Why are we doing this? 

  • First, the various Xen implementations from the Linux vendors vary wildly in their support for virtual hard disk images, and the performance of their implementations.  Thus far we have yet to see any good implementations of VHD in the Linux vendor category.    Cluttering users’ storage with raw image files without any of the benefits of the built-in capabilities for snapshotting, cloning etc that are fundamental primitives in any production virtualization environment, is just a bad idea.    
  • Second, since the majority of VMs will be in the VHD format in future, we want to enable the ISV ecosystem to adopt the format and quickly deliver a rich set of add-on capabilities that allow users to be more productive in their virtual environments.   VHD is more than just a VM format used by Hyper-V – it’s a delivery format from Microsoft for future versions of Windows.  The format is documented publicly and the specification is available under the Microsoft Open Specification Promise program.   
  • Third, with Xen as the dominant hypervisor in use in the world’s largest clouds, we want to enable cloud operators to benefit from our optimized implementation of  the VHD format to accelerate their progress towards hosting Windows in their clouds.    Being an optimistic chap, and noting VMware’s sudden warming to open source, there is presumably a non-zero chance that they will pick up our VHD code, realizing that VMDK will at some point go the way of the dinosaurs. 
  • Finally the code also supports QCOW, which means it should be easy to adopt for Linux distros that have been living in a parallel universe without VHD support.  Hopefully the QCOW team will implement the VHD support as another supported format within QCOW, which would be extremely powerful.

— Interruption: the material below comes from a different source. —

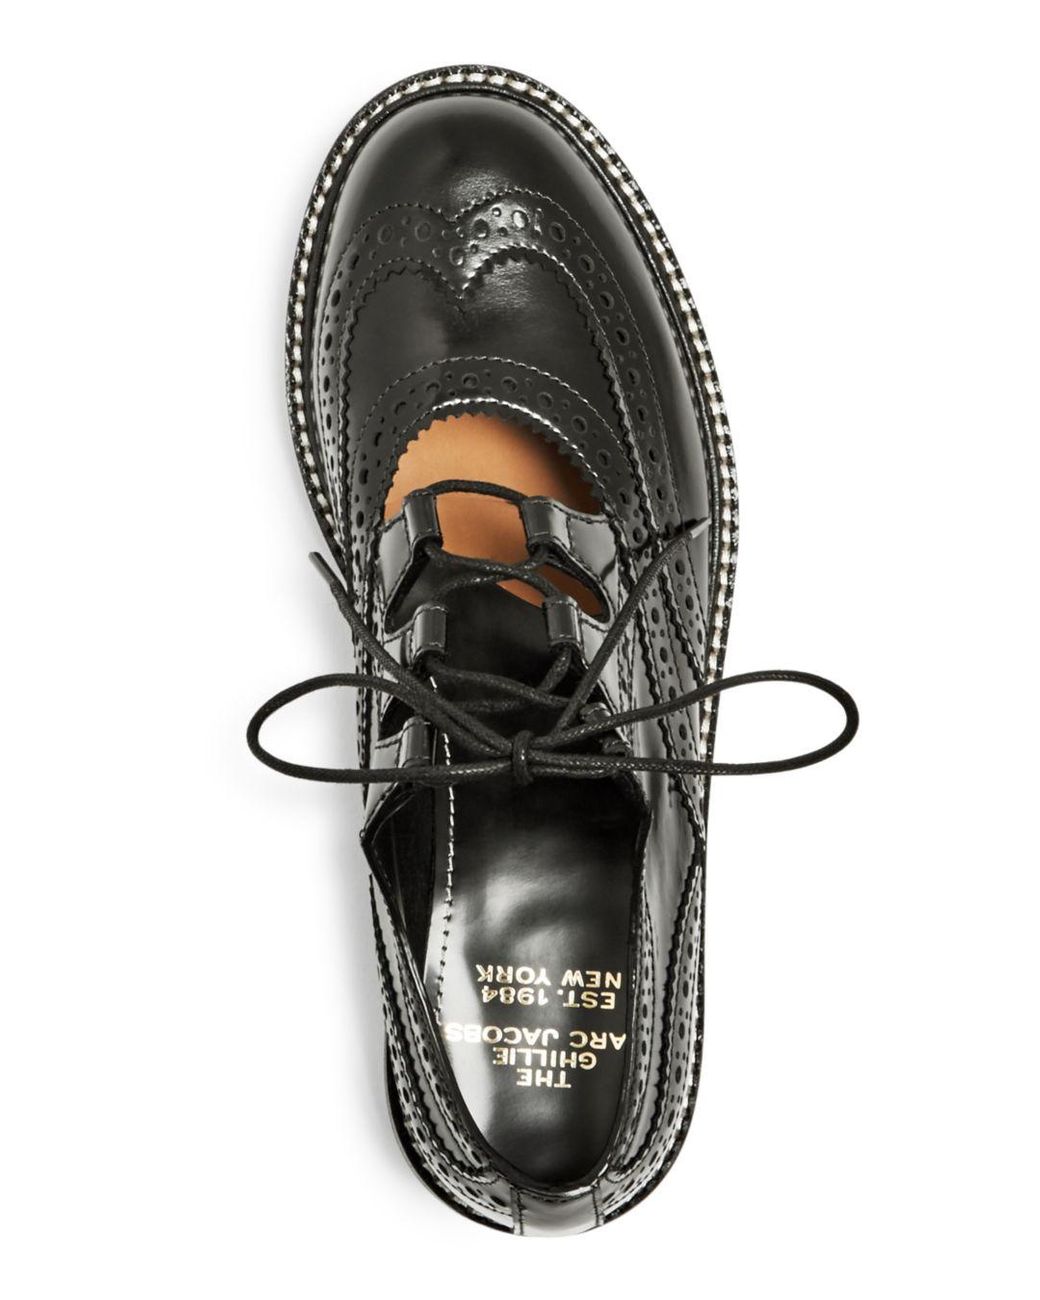 CC Brand New Laces Shoes Gillie Brogues Black & Leather Tassels

The release notes follow.These patches contain a completely rewritten blktap implementation and are an open source release of what Citrix intends to use in future releases of XenServer.   
They also contain Citrix’s implementation of the VHD image format.

VHD is what XenServer uses to store file-based images, and this code is considerably more robust and efficient than the qcow implementation that is in the tree today. 
Benefits to blktap2 over the old version of blktap: 
* Isolation from xenstore – Blktap devices are now created directly on  the linux dom0 command line, rather than being spawned in response  to XenStore events.  This is handy for debugging, makes blktap  generally easier to work with, and is a step toward a generic  user-level block device implementation that is not Xen-specific. 
* Improved tapdisk infrastructure: simpler request forwarding, new  request scheduler, request merging, more efficient use of AIO. 
* Improved tapdisk error handling and memory management.  No  allocations on the block data path, IO retry logic to protect guests  transient block device failures.  This has been tested and is known  to work on weird environments such as NFS soft mounts. 
* Pause and snapshot of live virtual disks (see xmsnap script). 
* VHD support.  The VHD code in this release has been rigorously  tested, and represents a very mature implementation of the VHD image  format. 
* No more duplication of mechanism with blkback.  The blktap kernel  module has changed dramatically from the original blktap.  Blkback  is now always used to talk to Xen guests, blktap just presents a  Linux gendisk that blkback can export.  This is done while  preserving the zero-copy data path from domU to physical device. 
These patches deprecate the old blktap code, which can hopefully be removed from the tree completely at some point in the future.